Теперь и вовсе темная история получилась. Царица больна, младший царевич болен, старший – крайне неумен, груб, тоже с безумным блеском в глазах, как дядя Юрий и отец. Сгнил, сгнил корень! Но царица-то – свежих кровей? Что ей не живется? Говорят о яде, заговоре. Алексей сослан в войско. Если с царицей приключится смерть, всех собак повесят на Алексея и на Курлятьева. А Сильвестр рядом с ними. Никому головы не сносить!

«А тут еще заговор Тучкова. Откуда его черт, прости Господи, принес? Сед, стар, седьмой десяток разменял, а не отстал от смут. Помнил свое просторное житье в малолетство Ивана, не смог утолить адскую жажду власти. И попался! И был столь «любезен» царю, что если б его поймали в рядах с сахарными петушками, и то обвинили бы в колдовстве на курином гребне. Зачем он ряженых подсылал? Неужто верил, что можно Ивана просто так убить? Или, правда, можно?».

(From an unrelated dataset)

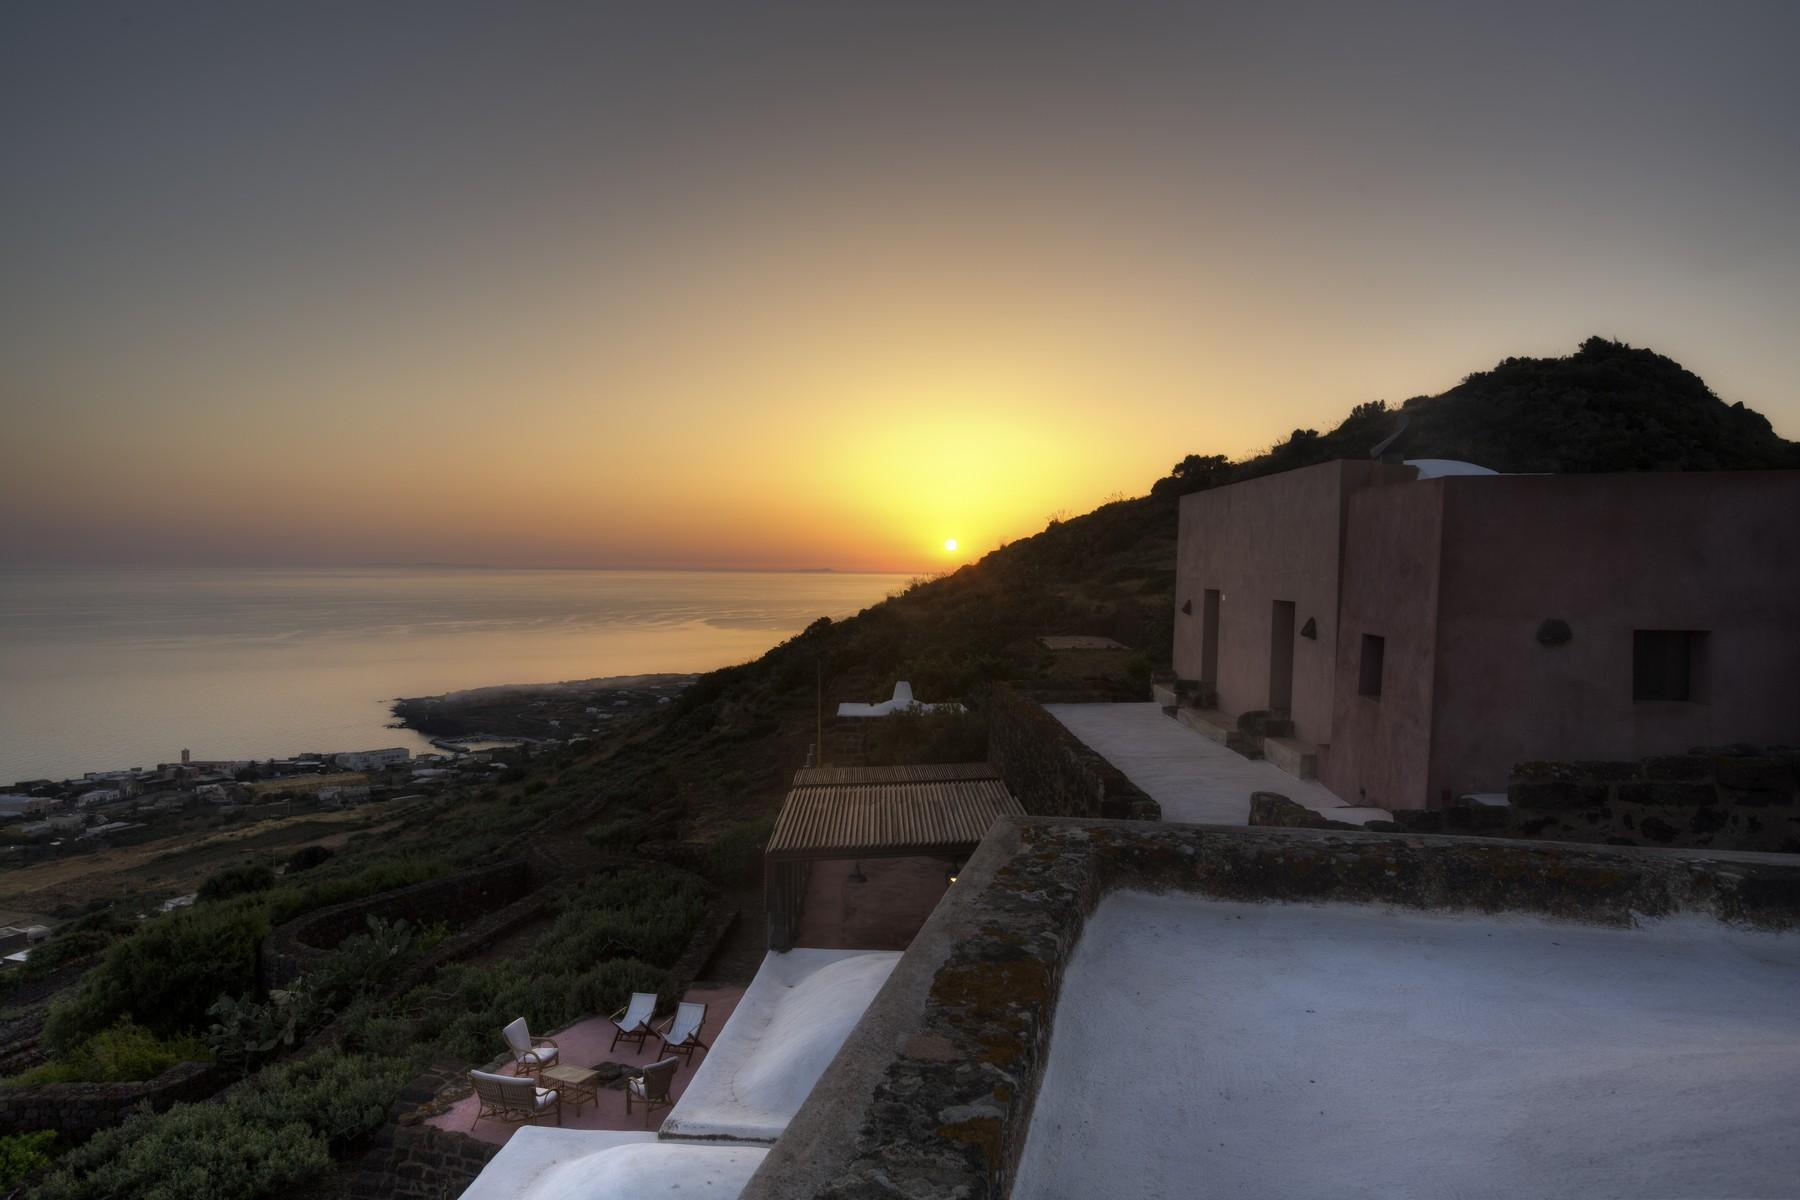 Un paradiso incontaminato nell'esclusiva isola di Pantelleria - 20

«Кто его научил? Что за мальчишка сидел в яме? Какой такой Смирной? Так ли смирен? Надо бы присмотреться к нему».

«Грозный смотрит косо. Вот-вот заподозрит окончательно. Хорошо бы самому разобрать этот заговор. Глядишь, и вернется былая милость, станет царь слушать добрые слова, примет к сердцу благие поучения».



Глава 15.

Причастие кота Истомы



Государь щедро наградил участников «тучковского» дела.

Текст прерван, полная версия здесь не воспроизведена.